## To do
Transcribe the lines below verbatim, skipping the images.

## Recorded information
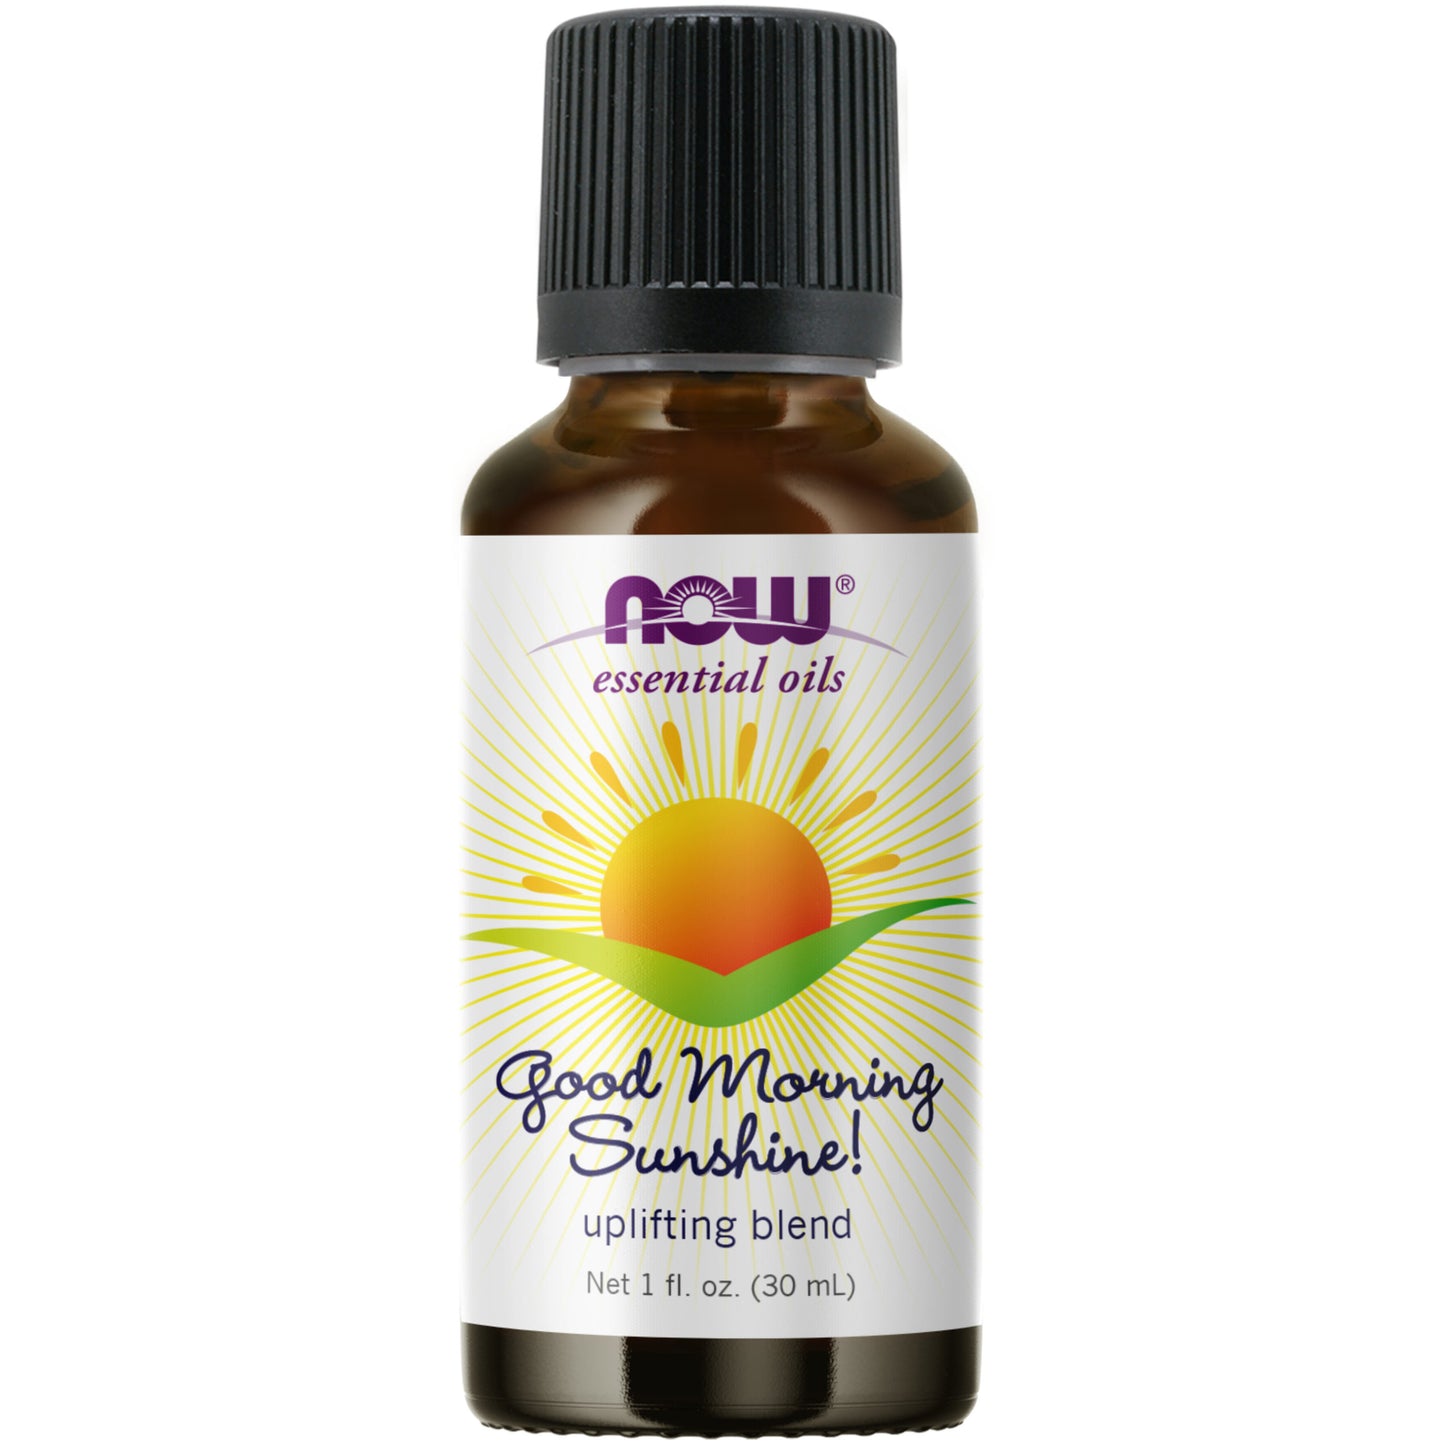 Good Morning Sunshine Oil Blend (30 ml)
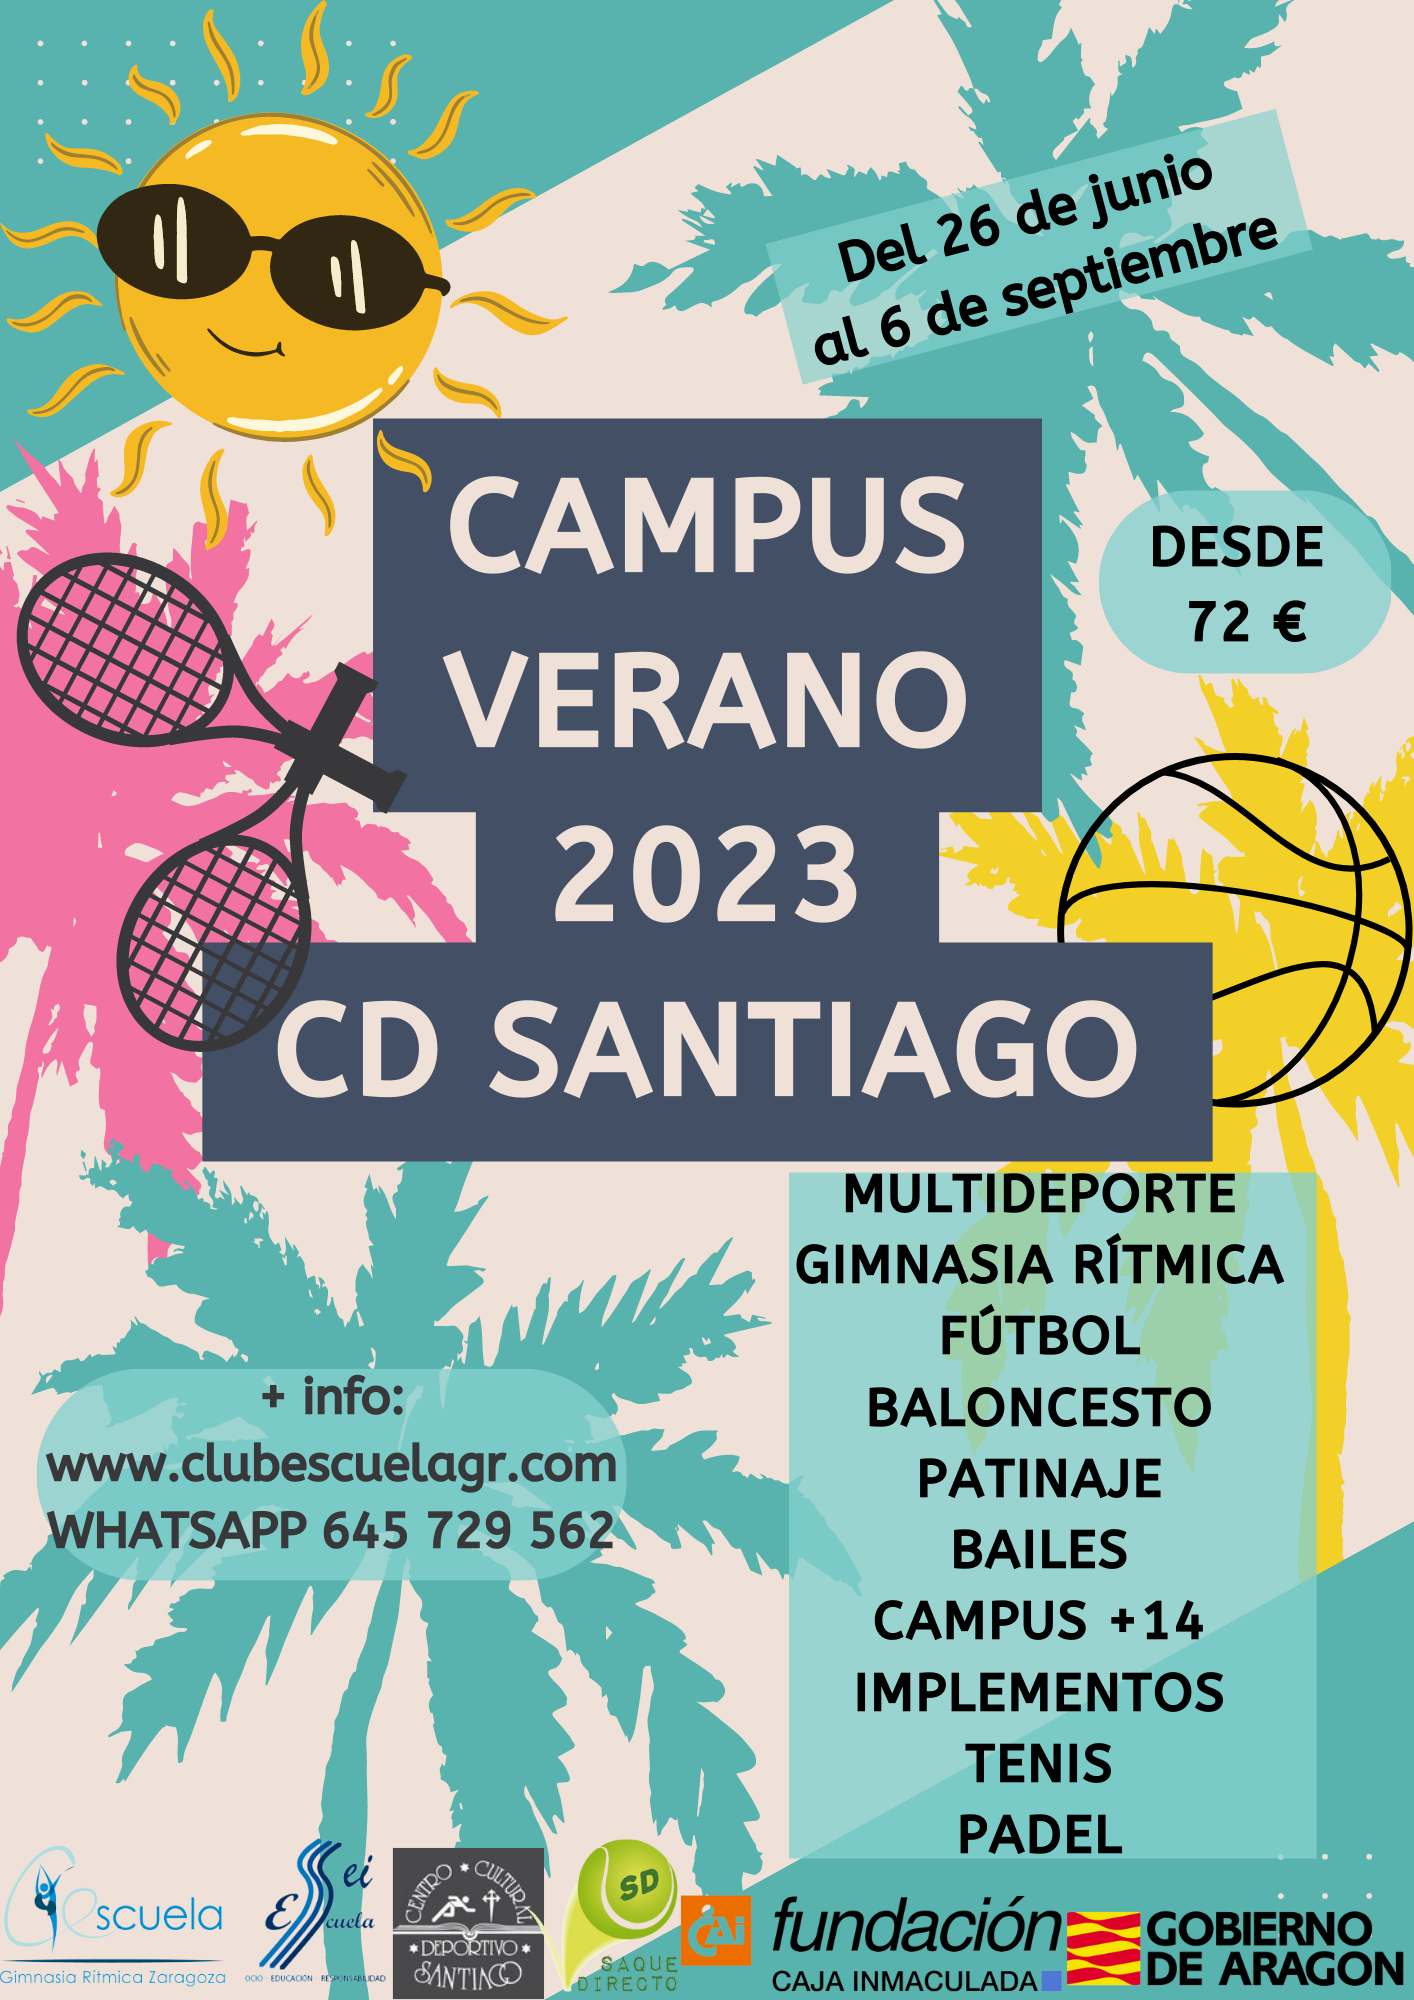 C.D. SANTIAGO - CAMPUS DE VERANO 2023 - Inscríbete
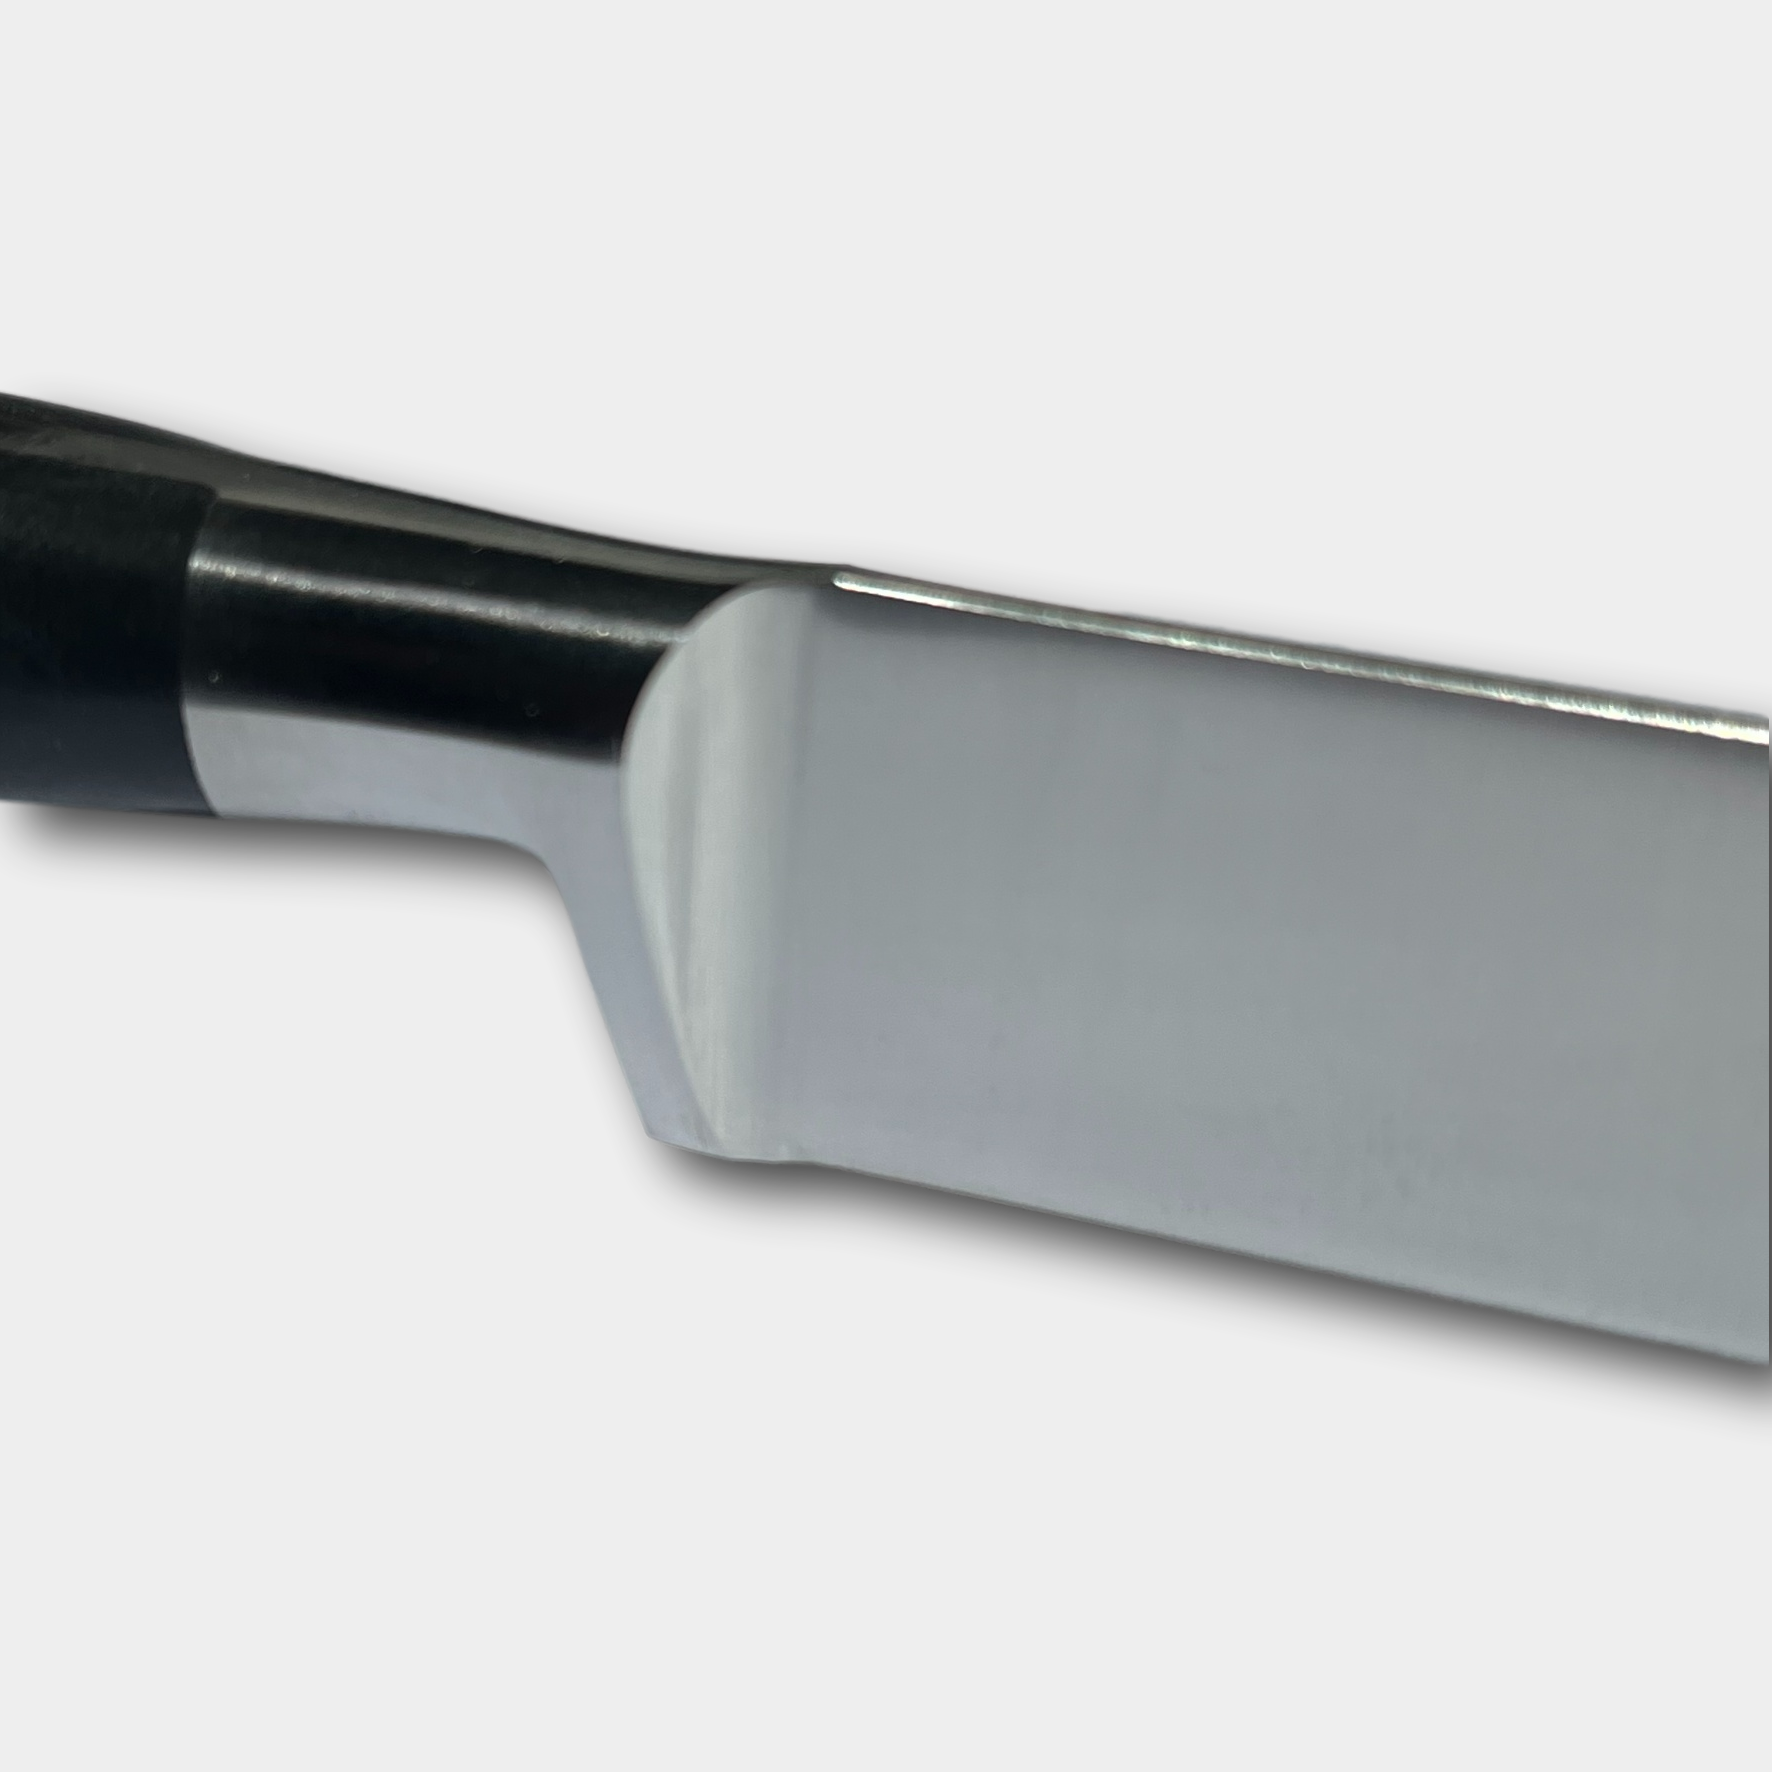 Lion Sabtier Ideal Steel 20cm Bread Knife

## Exercise solution
 Good Morning Sunshine Oil Blend (30 ml)
 C.D. SANTIAGO - CAMPUS DE VERANO 2023 - Inscríbete
 Lion Sabtier Ideal Steel 20cm Bread Knife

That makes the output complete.